Tag: ft

  • EU Hits Back as Trump Tariffs Land—UK Shuns Retaliation

    EU Hits Back as Trump Tariffs Land—UK Shuns Retaliation

    EU Fires Back at Trump’s Steel and Aluminum Tariffs – Trade War Goes Full Frenzy

    Yesterday’s night‑time showdown saw the EU unleash a refocusing plan that puts up to €26 billion of U.S. goods on the chopping block. It mirrors the American heaviness on European imports but kicks in a month later, giving Washington a little breathing room.

    Ursula von der Leyen’s Take‑Hit Commentary

    “Tariffs are bad for business and even worse for consumers. They’re smacking supply chains, stoking uncertainty, jeopardizing jobs, and inflating prices,” declared the EU’s chief. She warned that Europe’s economy could slide into stag‑flation – a “looming doom” for anyone watching the markets.

    EU Counter‑Measures in Action

    • April 1: €4.5 billion of U.S. goods – think bourbon, jeans, Harley‑Dads – hit the 50% ceiling.
    • April 13: an additional €18 billion of American goods (cosmetics, clothes, soybeans, chickens, beef) joins the levy list. There’s also a potential €3.5 billion of extra items, pending member‑state approval.
    • South‑American soybeans are on the menu because they’re grown in the home state of U.S. House Speaker Mike Johnson, a quirky footnote at the trade table.

    Some U.S. officials are fishing for a “dip” in the tariffs, hoping to reel in a quick bargain – “We want to ensure there’s pressure within the American system to lift their tariffs,” one said.

    UK’s One‑Side Stance

    Despite being Europe’s gravity, the UK decided to stay calm and not retaliate immediately. Prime Minister Keir Starmer said his government keeps “all options” open, but Treasury minister James Murray made it clear that ramen‑thin British steel exports will survive the heat for now.

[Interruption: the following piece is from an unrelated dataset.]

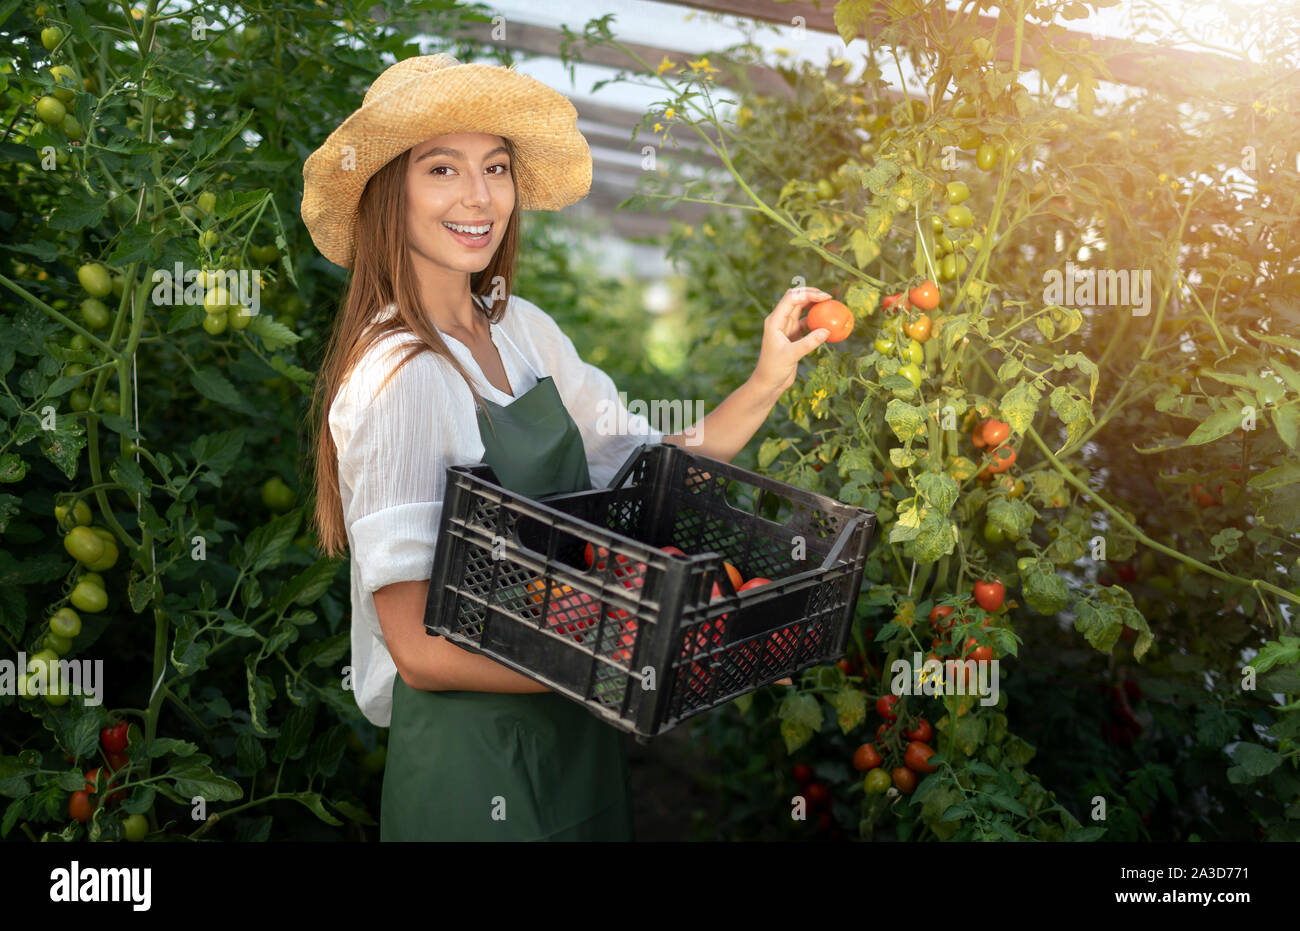 Portrait of smiling villager girl harvesting tomatoes in a hothouse Stock Photo

Even though the U.S. is a top market for British steel, London opts for diplomacy, hoping a new economic pact will rescue the domestic sector.

    What’s the Bottom Line for Global Trade?

    Trump’s move in July – adding tariffs to everything from tennis rackets to rugby gear – broke agreements that let some steel and aluminium trade slip in duty‑free. He claimed cheating villains were driving up metal imports. In reality, it’s spinning a restrictive web that may send prices soaring and business pipelines snarl.

    In the big picture, the beefy goodies – $151 billion worth of steel and aluminium goods – have now got a fresh squeeze.

    One Out, Two In? The “Brexit‑2” Hypothesis

    The UK’s independence gave it the upper hand, but London’s lack of a clear veto underlines the complications of Windfall deals with EU friends and the U.S. Meanwhile, the U.S. Federal team is chasing a ‘win‑win’ on its trade frontiers.

    Bottom line: this titular tug‑of‑war will keep both parties sweating for the next year, while the rest of the world watches to see who survives the inevitable boom‑or‑bust.

  • NVDA, AMD To Pay 15% Of China Chip Sales To US; Report

    NVDA, AMD To Pay 15% Of China Chip Sales To US; Report

    Just when you thought the tariff-tornado had passed close (but missed) the AI economy, President Trump squeezes just a little bit more…

    The Financial Times reported earlier this evening that Nvidia and Advanced Micro Devices have agreed to pay 15% of their revenues from chip sales to China to the US government as part of a deal with the Trump administration to secure export licenses

    According to people familiar with the situation, including a US official, Nvidia would share 15% of the revenue from sales of its H20 chip in China and AMD will deliver the same share from MI308 revenues.

    The FT further points out that the quid pro quo arrangement is unprecedented.

    According to export control experts, no US company has ever agreed to pay a portion of their revenues to obtain export licenses.

    But the deal fits a pattern in the Trump administration where the president urges companies to take measures, such as domestic investments, for example, to prevent the imposition of tariffs in an effort to bring in jobs and revenue to America.

    In April, the Trump administration said it would ban H20 exports to China.

    However, Trump reversed course in June after meeting Huang at the White House.

    Over the following weeks, Nvidia become concerned because the Bureau of Industry and Security [BIS], the arm of the commerce department that runs export controls, had not issued any licenses.

    Huang raised the issue with Trump on Wednesday, according to people familiar with the exchange, and BIS started issuing licenses on Friday.

    The H20 revenue deal comes as Nvidia and the Trump administration face criticism over the decision to sell the chip to China.

    US security experts say the H20 will help the Chinese military and undermine US strength in artificial intelligence.

    Some BIS officials have also expressed concern about the reversal, according to people familiar with the situation.

    Two people familiar with the arrangement said the Trump administration had not yet determined how to use the money.